Monday, October 6, 2008

Mobile Internet Penetration

I was sitting in my car the other day, waiting for a friend to arrive at the airport. Flight was delayed for 2,5 hours. Luckily enough I had my pda with me so I spent a couple of hours browsing around, reading blogs etc. Otherwise I would have to just sit in my car and talk on my mobile until my friend came to the rescue. Unfortunately it was almost 2:00 am so i don't think many friends would be available and willing to chat, at least in this continent. Alternative to that would be counting all airplanes arriving and leaving the airport and calculating the median of the interval between two consecutive arrivals and then divide it by the number of city buses leaving the airport and their departure intervals... Or something similar...
So, I felt very lucky for being able to just browse around, read my emails and access my office data from my mobile. I really felt joy and satisfaction in being able to do something useful with my time which would otherwise have gone to waste. I was thankful for the mobile internet service!
And then the question came to me. What is the penetration of mobile Internet usage? Is it something people use, or is it still considered a luxury service amongst the lucky ones who can afford it?

Next day, I googled a little bit and came across a research recently conducted by nielsen on the subject.

Nielsen currently tracks mobile Internet penetration in 16 countries (Greece is not one of them). Among these countries, the U.S. leads in mobile Internet penetration among wireless subscribers with 15.6%, followed by the U.K. (12.9%) and Italy (11.9%).

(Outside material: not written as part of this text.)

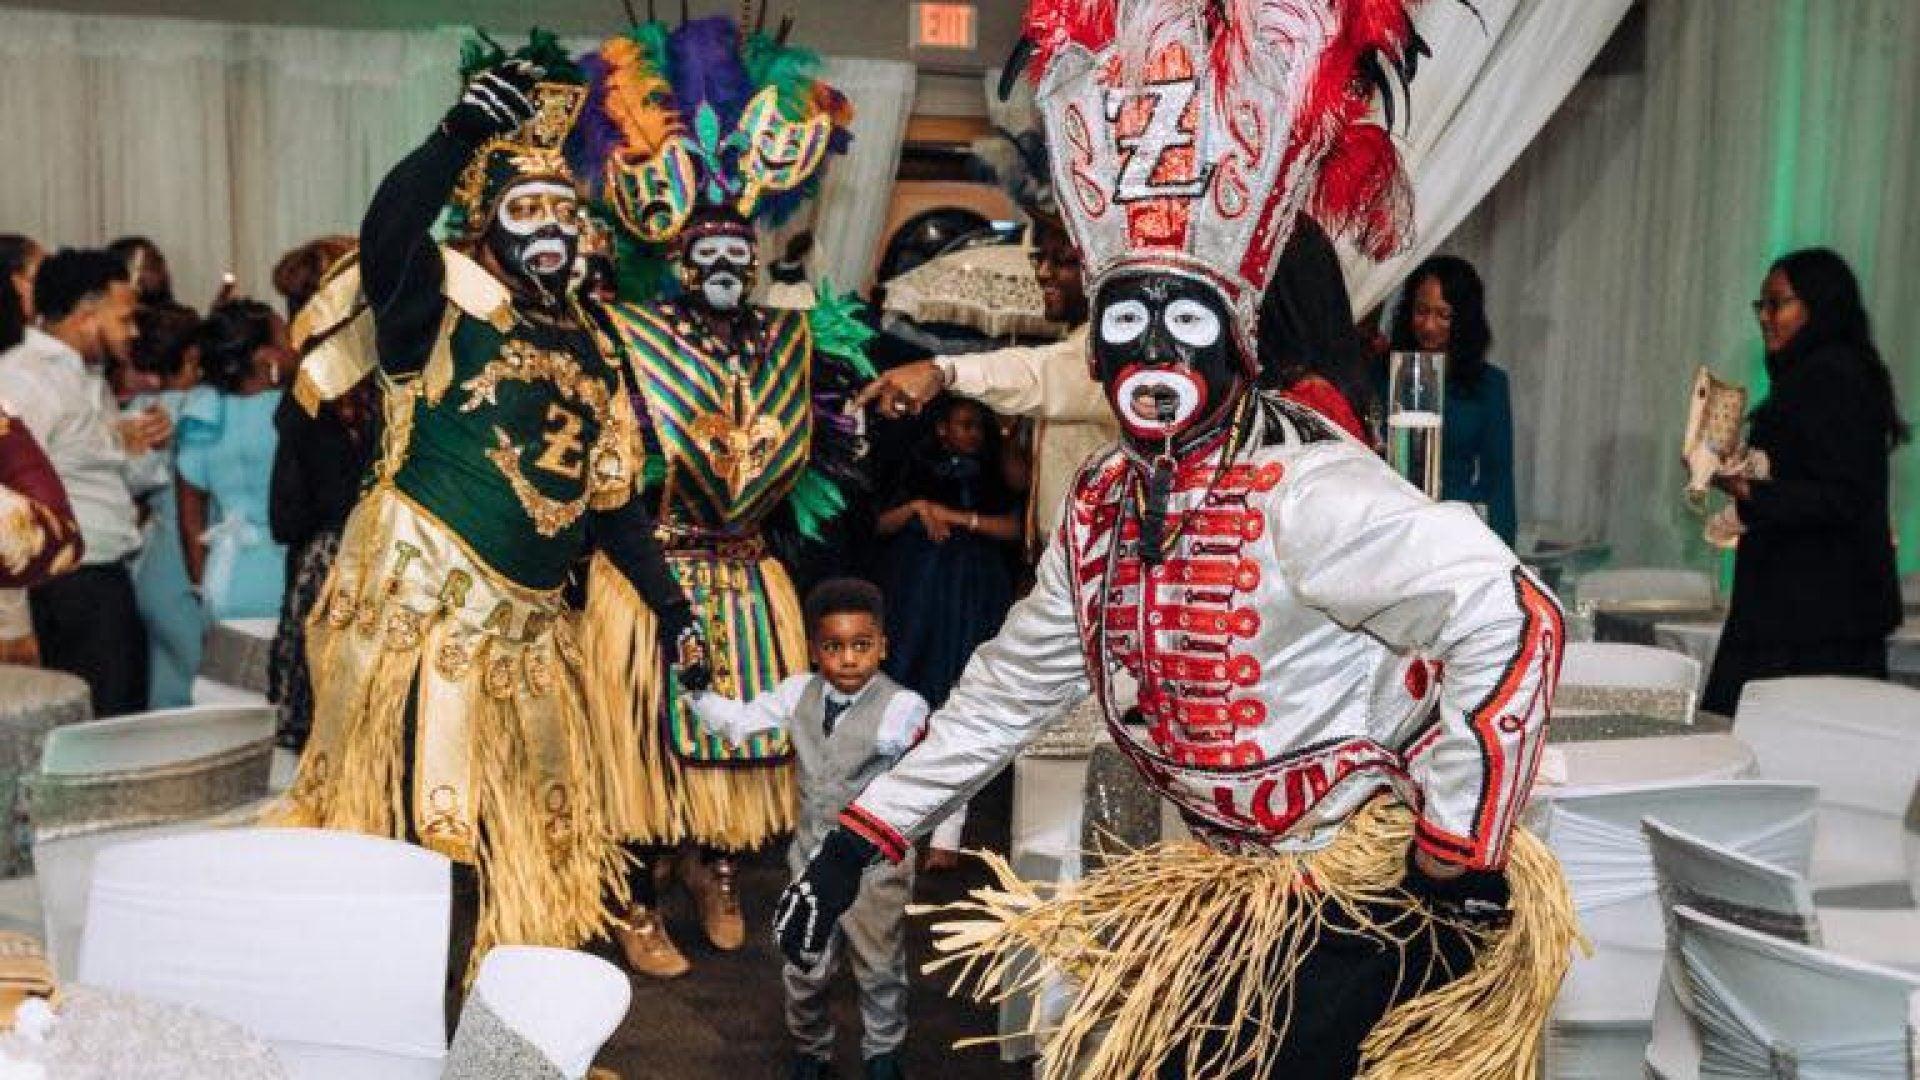 Blackface Protestors Target Prominent Mardi Gras Group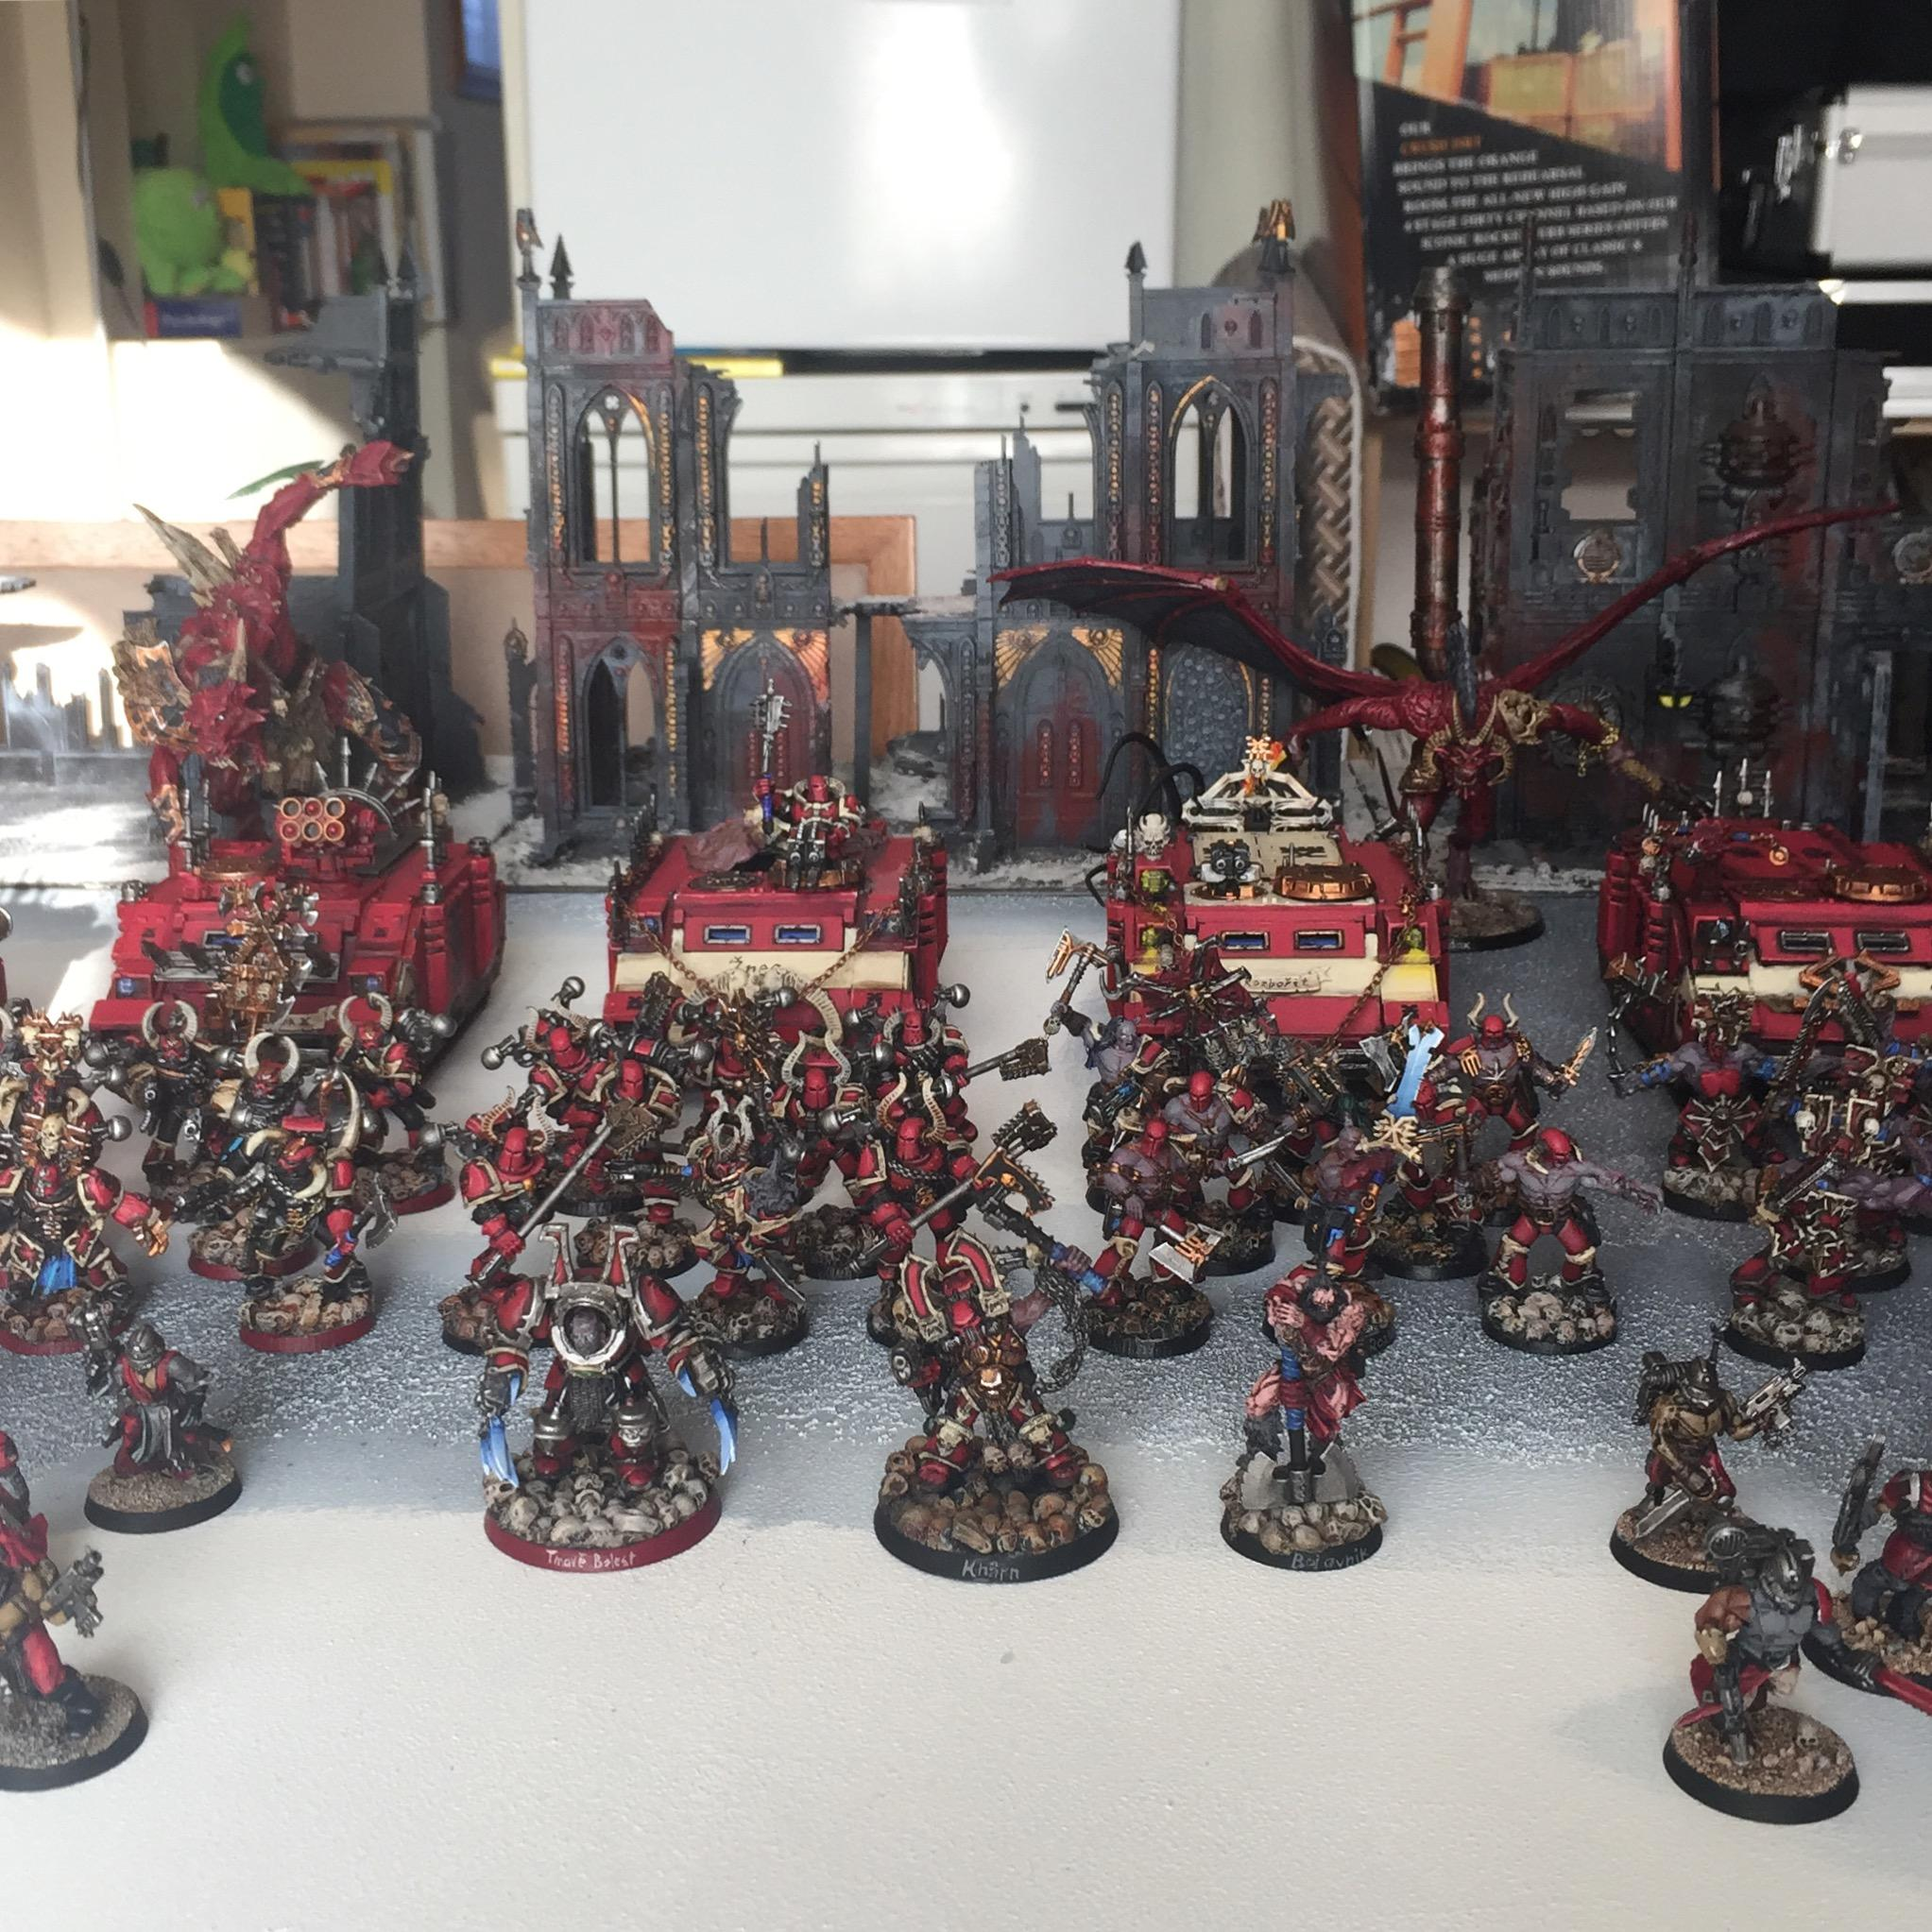 Army, Berserkers, Chaos Space Marines, Daemonkin, Khorne, Warhammer 40,000, World Eaters

Of the countries tracked, Indonesia and New Zealand have some of the lowest mobile Internet penetration rates—just 1 out of 100 Indonesian subscribers uses the mobile Internet each month, and just 1.6% of New Zealand’s mobile subscribers do so.

In the U.S., mobile Internet has become a mass medium. As of May 2008, there were 40 million active users of the mobile Internet in the U.S., based on past 30-day usage. And this is just a subset of the 95 million U.S. mobile users who subscribed to the service but do not necessarily use it. To break it down:

  • There were 254 million U.S. mobile subscribers in Q1 2008, according to CTIA, the International Association for the Wireless Telecommunication Industry
  • According to Nielsen, 144 million (57%) U.S. mobile subscribers were data users in Q1 2008 (defined as those subscribers who used their phone for any data use, such as SMS [Short Message Service] text messaging or accessing the mobile Internet)
  • Ninety-five million (37%) U.S. mobile subscribers paid for access to the mobile Internet, either as part of a subscription or as a transaction
  • Forty million subscribers (15.6% in May 2008) were active users of mobile Internet services, using those services at least once on a monthly basis
  • Mobile Internet use accounted for $1.7 billion in revenue in Q1 2008 (more than $5 billion in total revenue in 2007)

The audience using mobile Internet in the U.S. is demographically diverse enough to present marketing opportunities for all types of products and services.